**What the exercise asks**.
The task for the listing below is to write out exactly the lines starting at the one containing "Sealey 3 Drawer" and ending at the one containing "Thumbscrew MULTICOLORED MIDNIGHT CD", both included. Pictures are to be omitted.

**Data**.
• • • • • • •

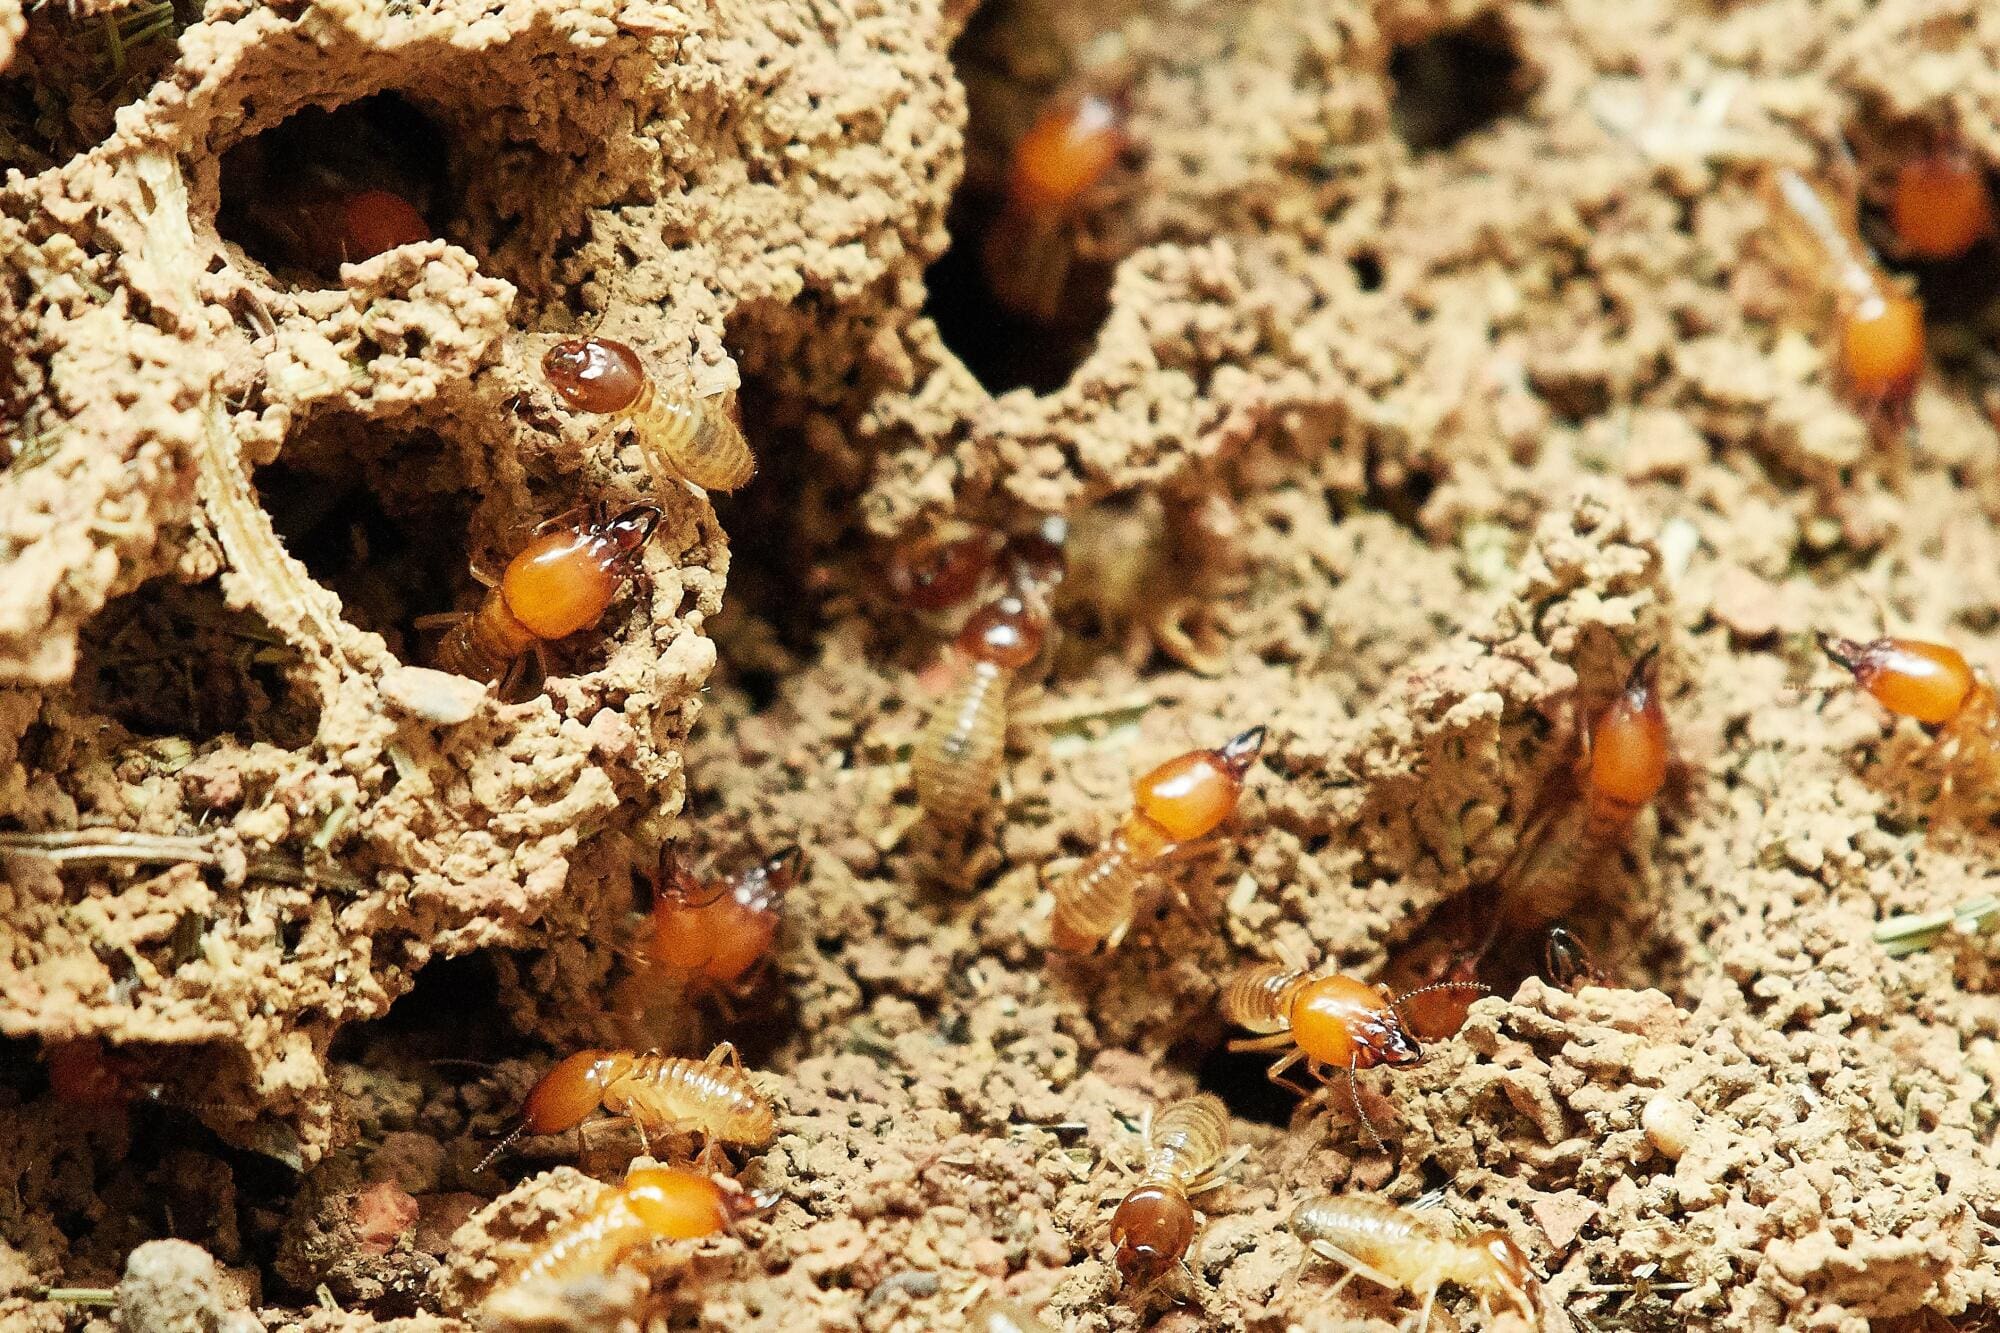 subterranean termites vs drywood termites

• • • • • • •

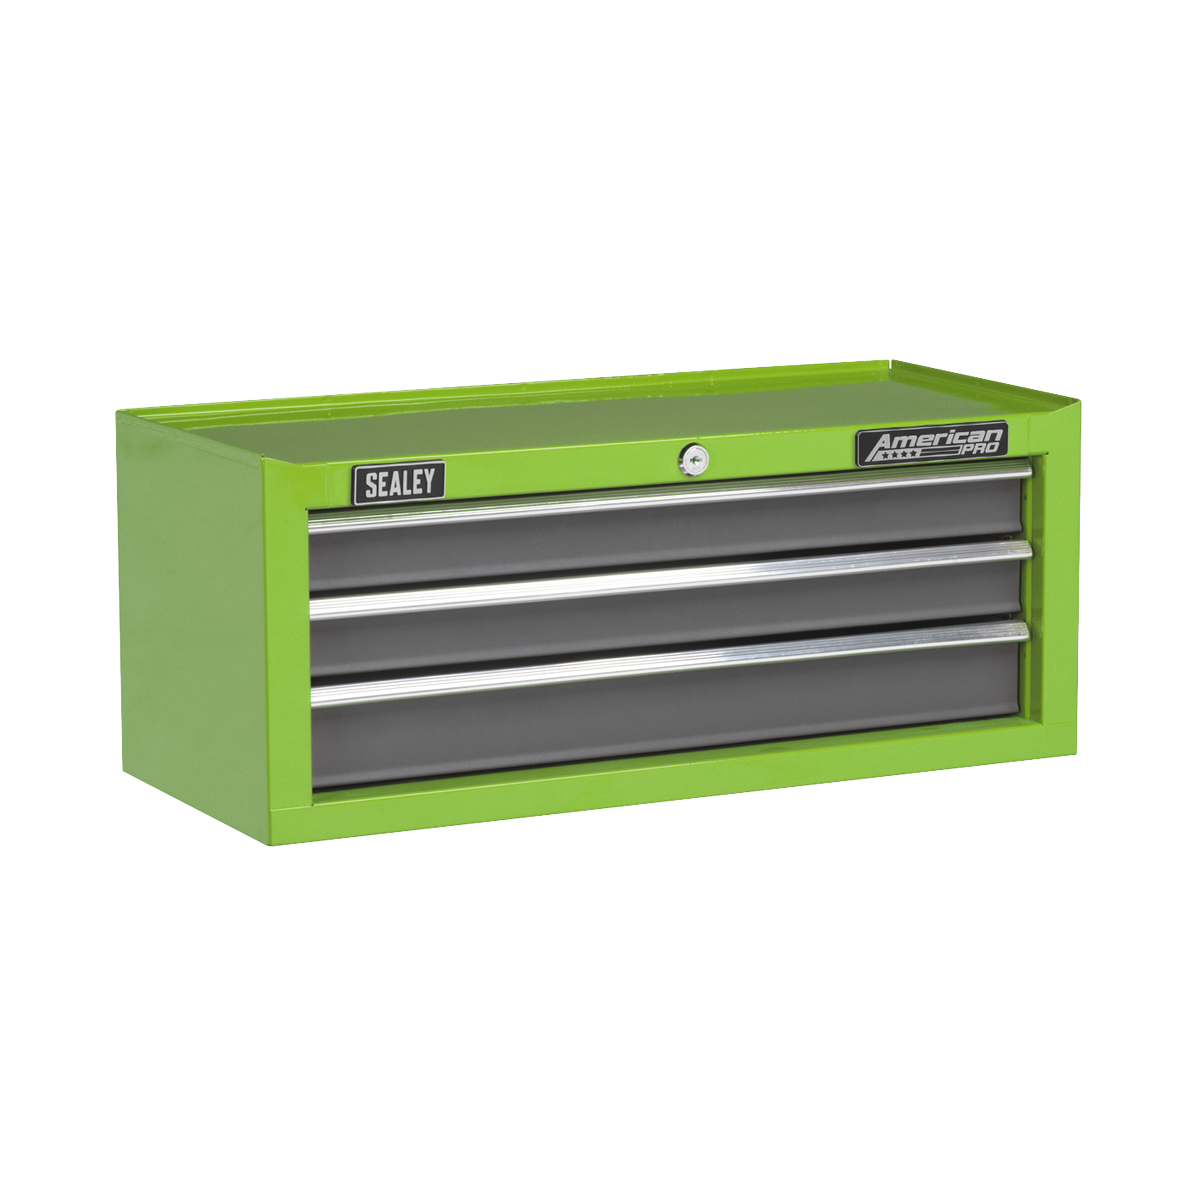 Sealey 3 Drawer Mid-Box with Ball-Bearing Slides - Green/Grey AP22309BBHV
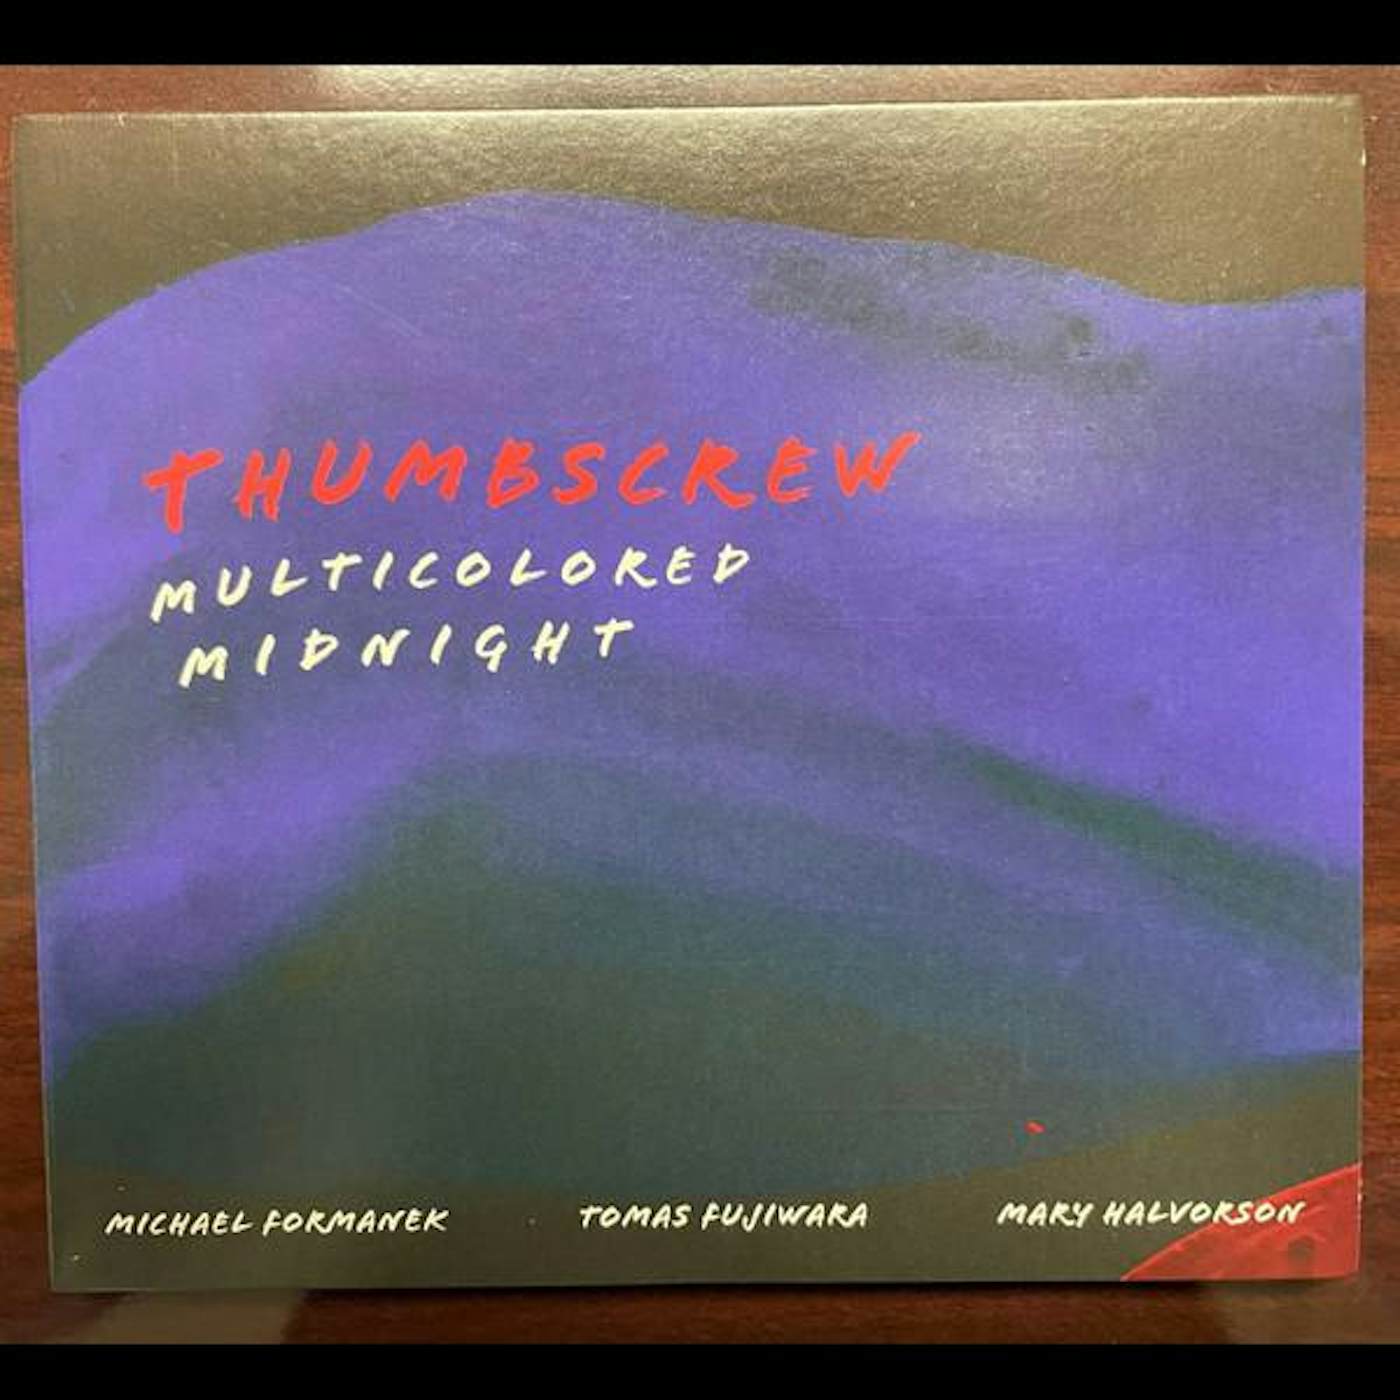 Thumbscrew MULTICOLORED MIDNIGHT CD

• • • • • • •

**Exercise answer**.
 Sealey 3 Drawer Mid-Box with Ball-Bearing Slides - Green/Grey AP22309BBHV
 Thumbscrew MULTICOLORED MIDNIGHT CD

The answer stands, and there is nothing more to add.